Committed to PEOPLE'S RIGHT TO KNOW
Vol. 5 Num 1114 Thu. July 19, 2007  
   
Business


Bepza Activities-III
25,000 retrenched workers yet to be accommodated in Adamjee, Karnaphuli EPZs


As many as 25000 retrenched workers' ray of hope of being employed in the newly shaped areas of defunct Adamjee Jute Mills and Chittagong Steel Mills has now been dashed for Bepza's (Bangladesh Export Processing Zones Authority) failure to accommodate them even after lapses of several years.

The fallen lands of the mills that were closed down on pressures from donor agencies like World Bank and IMF were turned into two separate export processing zones as per a government decision in 2004.

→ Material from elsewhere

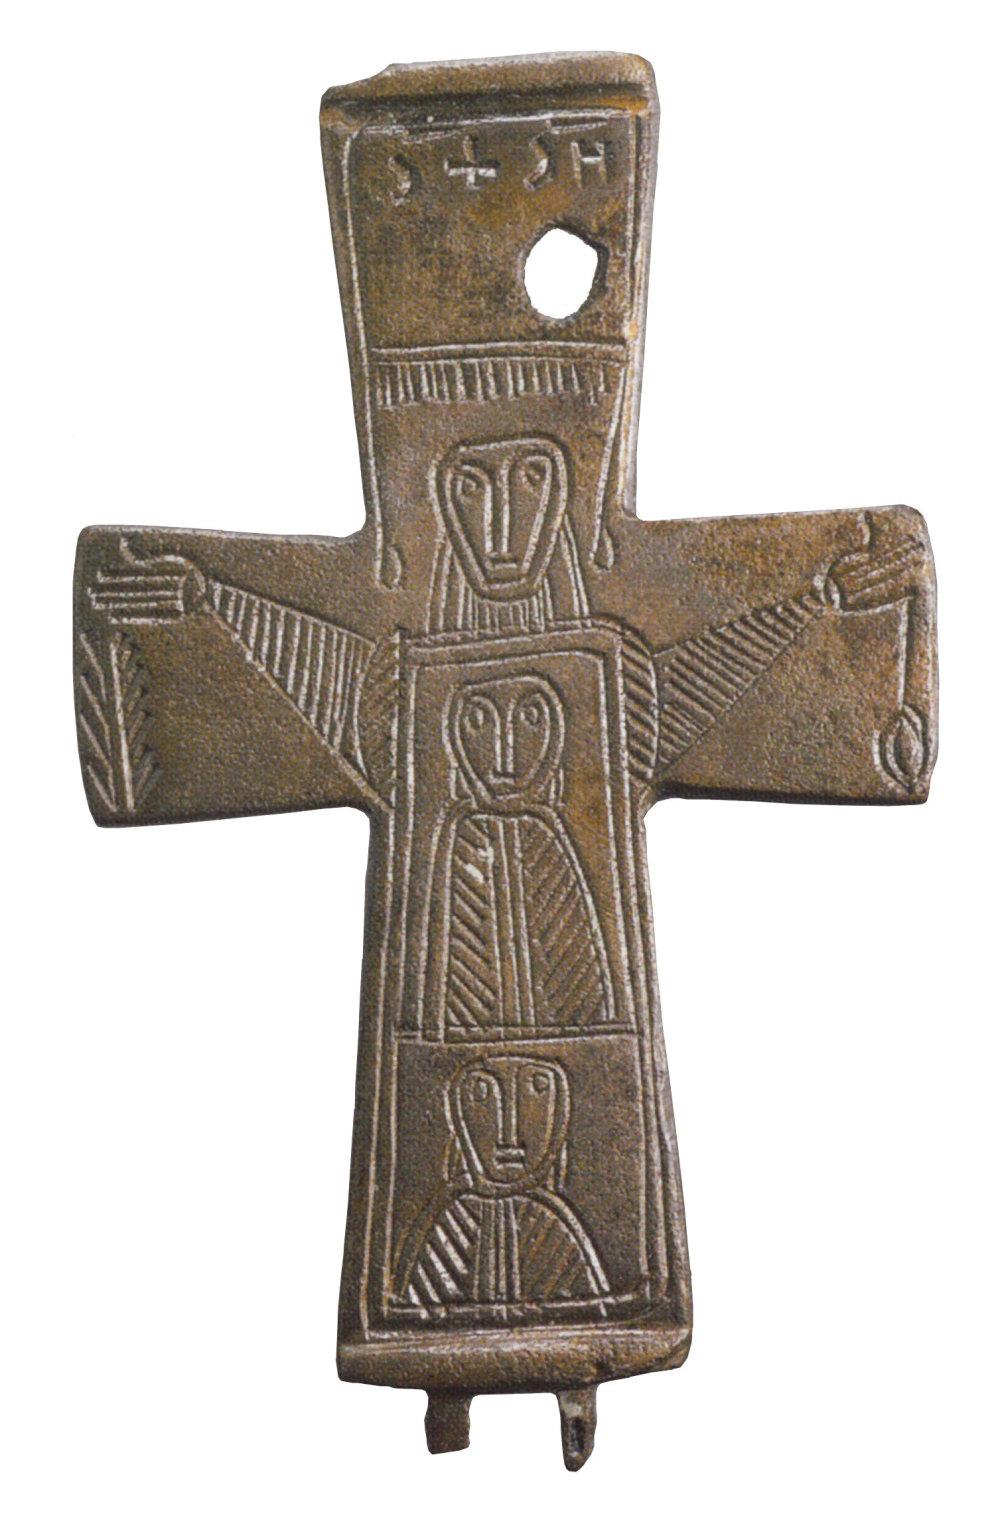 Kríž z Veľkej Mače pri Seredi pochádza pravdepodobne z 9. storočia. Vyrobili ho zrejme v Byzancii. Vyobrazuje svätú Trojicu. Bol aj na slovenskej desaťkorunáčke. Foto - Archeologické múzeum Bratislava, SNM

These two zones are Adamjee EPZ and Karnaphuli EPZ.

Although the jobless workers were assured of employments in the industrial units at these EPZs, the Bepza is yet to fulfil their promise, according to some of such workers who are learnt to have long been facing severe hardship.

Abdul Motaleb (45), a former foreman of Adamjee Jute Mills, said, "The Admajee workers are thrown into uncertainty. The Bepza has been refusing their appeals for getting their jobs."

When contacted, a Bepza senior official said that the government is aware of the problems and sincere about accommodating the retrenched workers in the local and foreign industrial units at the Adamjee and Karnaphuli EPZs, but these workers lack the skills needed for those state of art technology based industries.

"We negotiated some of the new industries set up by the entrepreneurs mostly from South Korea, Hong Kong and Germany, but they refused our proposals and asked for skilled workers," the official added.

The previous BNP government on June 30, 2002 declared closer of Adamjee Jute Mills, the biggest jute industry in the world with an cumulative losses of Tk 1200 crore.

The Adamjee EPZ will have 200 plots of which 103 have so far been developed and 37 already handed over to four foreign companies.

According to the Bepza, 28 foreign and local investors have submitted proposals to establish units in the Adamjee EPZ. When the units are fully operational, the Bepza expects $750 million annual exports from the zone.

This EPZ formally went into operation on March 6, 2006.

Bepza Executive Chairman Brigadier General Ashraf Abdullah Yussuf told The Daily Star that they would help the retrenched workers to get jobs in the newly set up industries through imparting them training at the two Bepza training institutes where the Adamjee workers and their spouses would get the chance to improve their skills.

" Without any modern technical know-how, how they will be accommodated by the foreign and local entrepreneurs", Yussuf questioned.